La scansione di tutti i materiali è stata eseguita su scanner piano Duoscan T2000 XL Agfa che consente di acquisire ad alta qualità originali opachi fino al formato 114
A3 e trasparenti fino a cm 24x30.
Le stampe fino al 2006 sono state acquisite a colori (modalità RGB – 24 bit) a 400 dpi (in prevalenza formati medio-grandi), mentre i negativi sono stati acquisiti in bianco e nero (8 bit) ad una risoluzione variabile, inversamente proporzionale al formato.
L’inquadratura della scansione comprende tutta la lastra, quindi anche la mascherina di carta nera applicata sui bordi o utilizzata per delimitare la parte da stampare.
Dal 2007 gli originali vengono acquisiti secondo quanto previsto dalla tabella A1 degli Standard di digitalizzazione delle immagini fotografiche per i progetti di catalogazione SIRBEC.
Fino al 2006 i file source nel formato TIFF sono stati archiviati, così come restituiti dallo scanner, in 257 CD non riscrivibili.
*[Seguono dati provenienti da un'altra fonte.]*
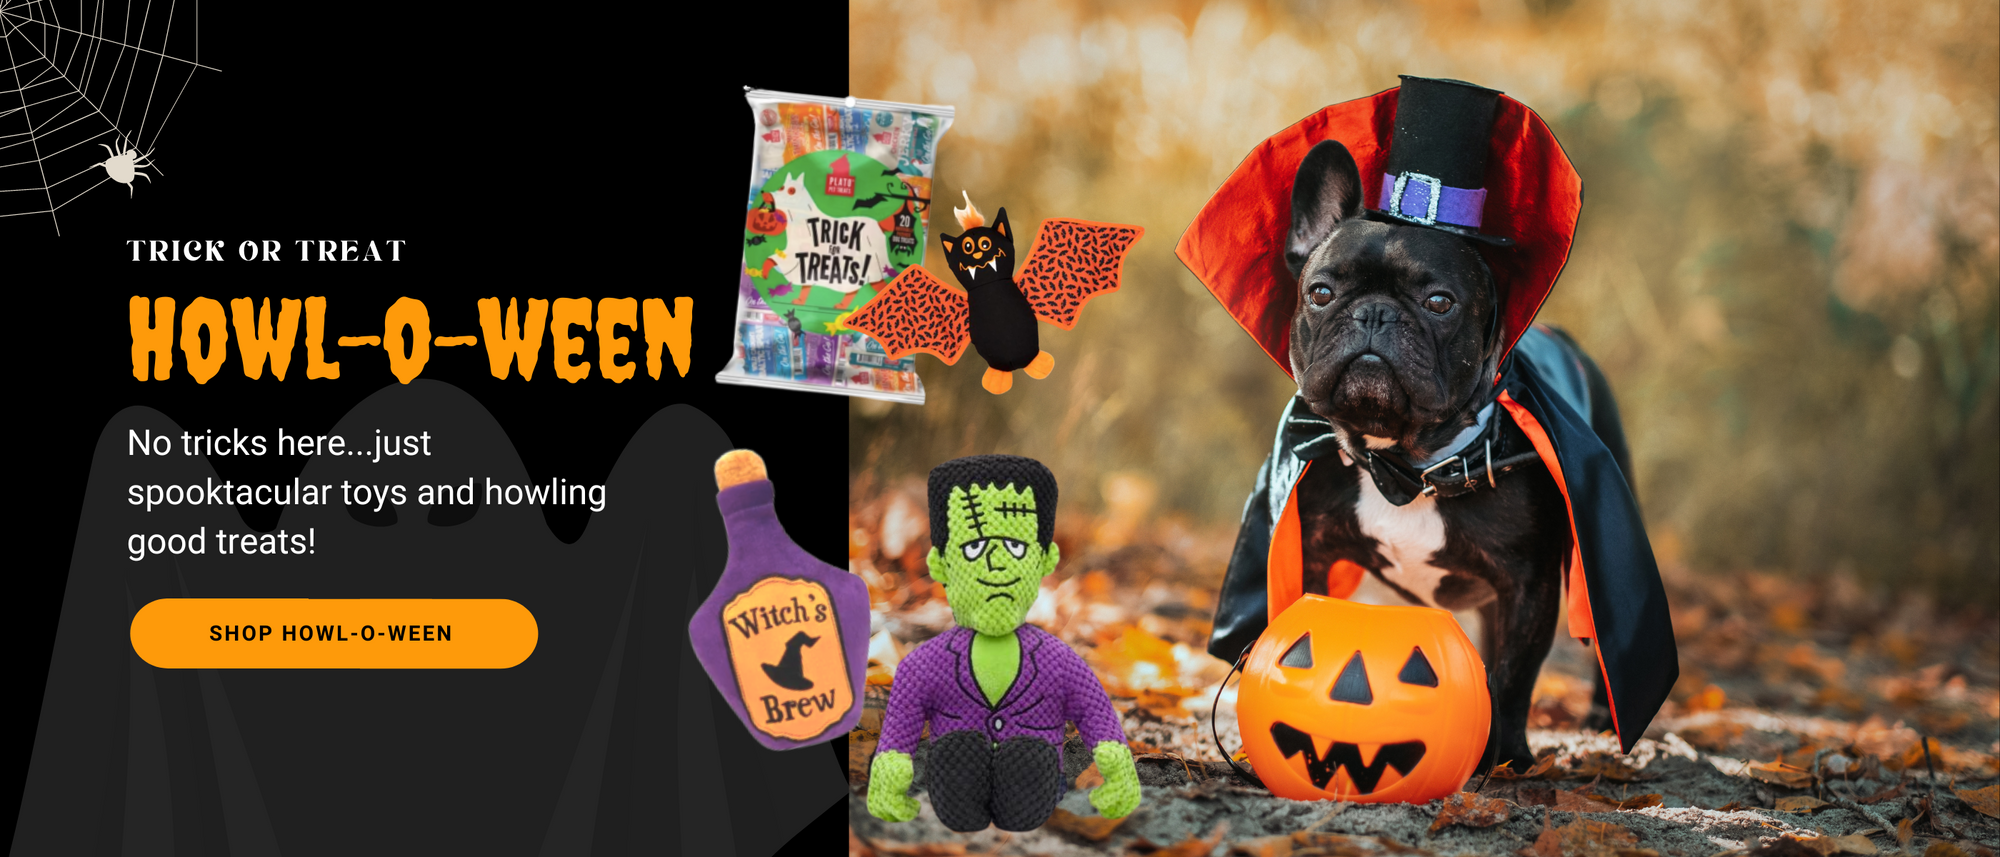 Trick or Treat! It's Howl-O-Ween! No tricks here...just spooktacular toys and howling good treats! Shop now!
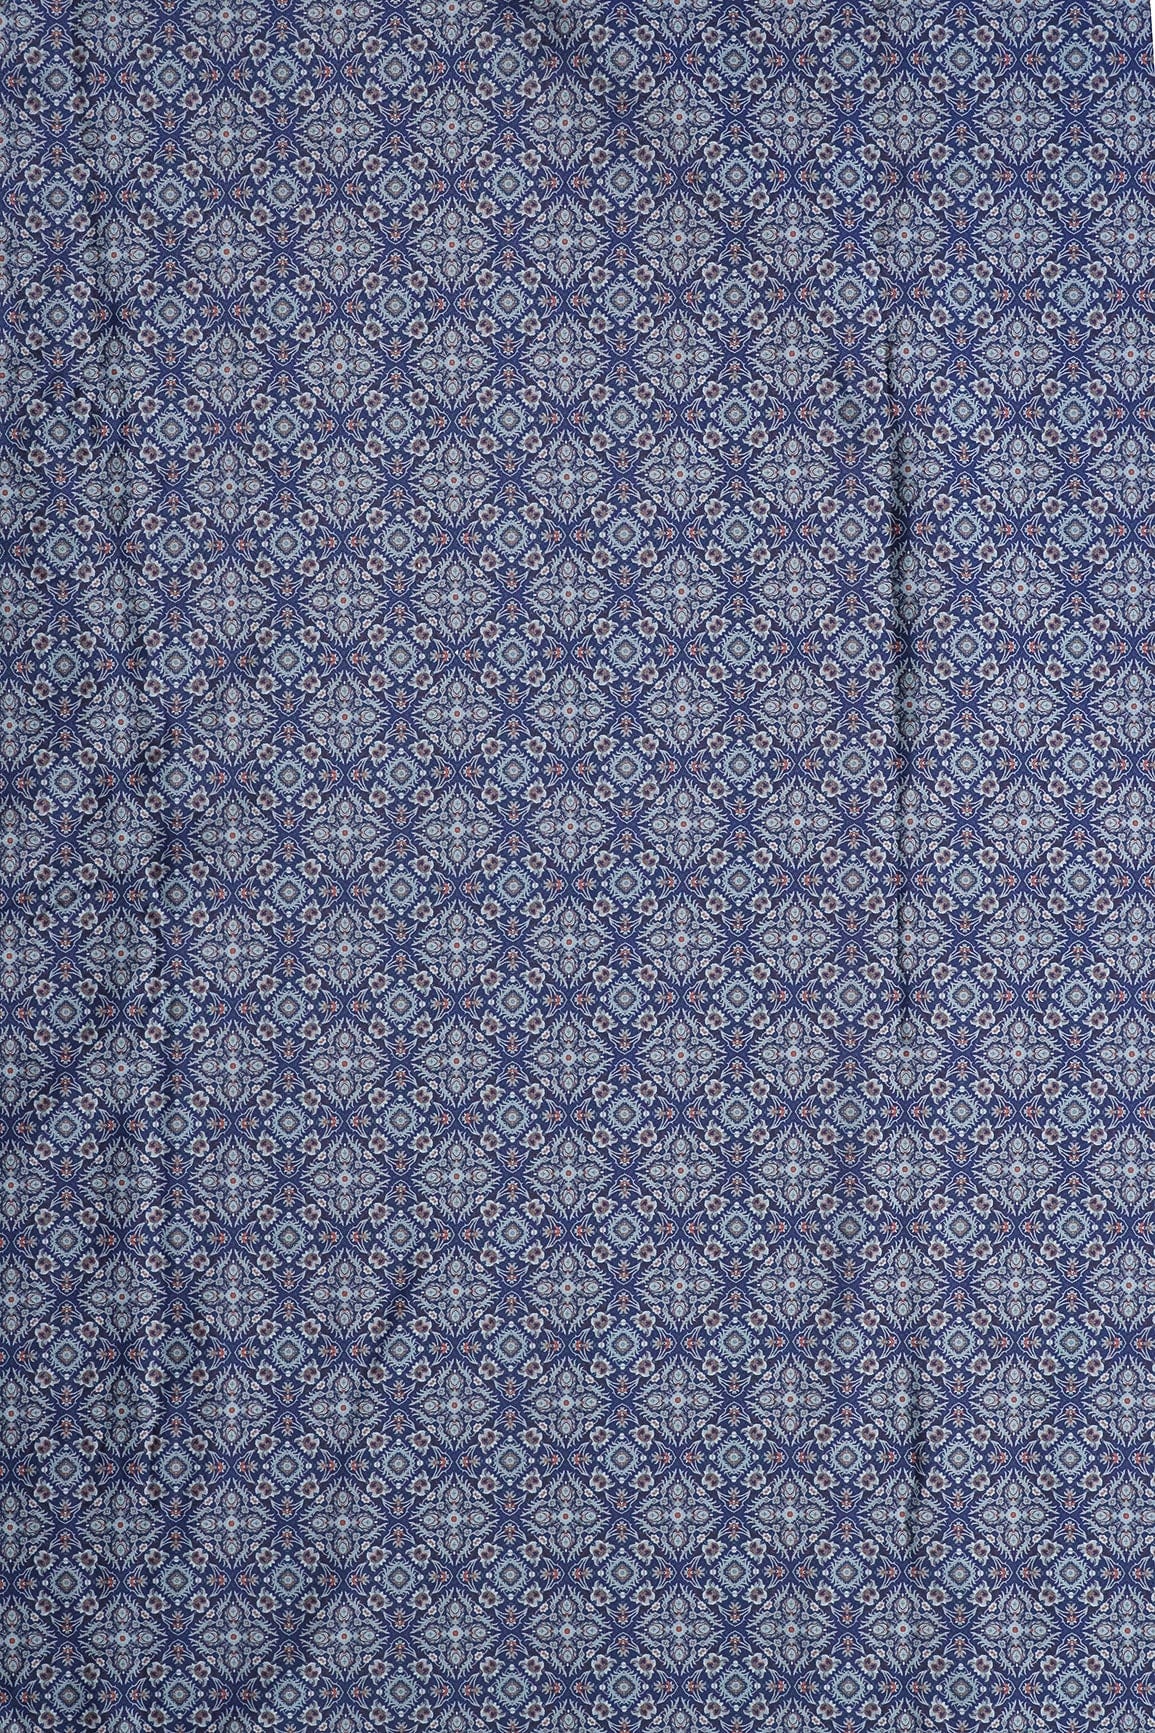 doeraa Prints Grey And Orange Traditional Pattern Digital Print On Royal Blue French Crepe Fabric

Attualmente vengono masterizzati su DVD in doppia copia. Le immagini TIFF sono anche state riversate su nastro LTO e lo saranno a blocchi fino alla conclusione delle scansioni. Dalle immagini TIFF vengono ricavate le immagini JPEG da associare alle schede.
Sono state digitalizzate finora oltre 12.000 immagini.
Tutti i campi previsti dallo schema MAG sono compresi nel database SIRBEC ed esportabili. È stato studiato un modello di mappatura 'Scheda F' con 'Schema MAG' (in collaborazione con lo staff dell’ICCU e con il Museo del Cinema di Torino); si è progettata un’architettura XML MAG per finalità di preservazione e di utilizzo su Internet culturale (in collaborazione con lo staff dell’ICCU). [...]
Dal marzo 2006 sono consultabili in linea all’indirizzo http://lombardiabeniculturali.it le schede essenziali e le immagini in formato JPEG di 8.671 opere fotografiche (stampe e negativi), mentre 10.873 schede nella forma completa sono consultabili presso la Biblioteca e la Mediateca di Santa Teresa.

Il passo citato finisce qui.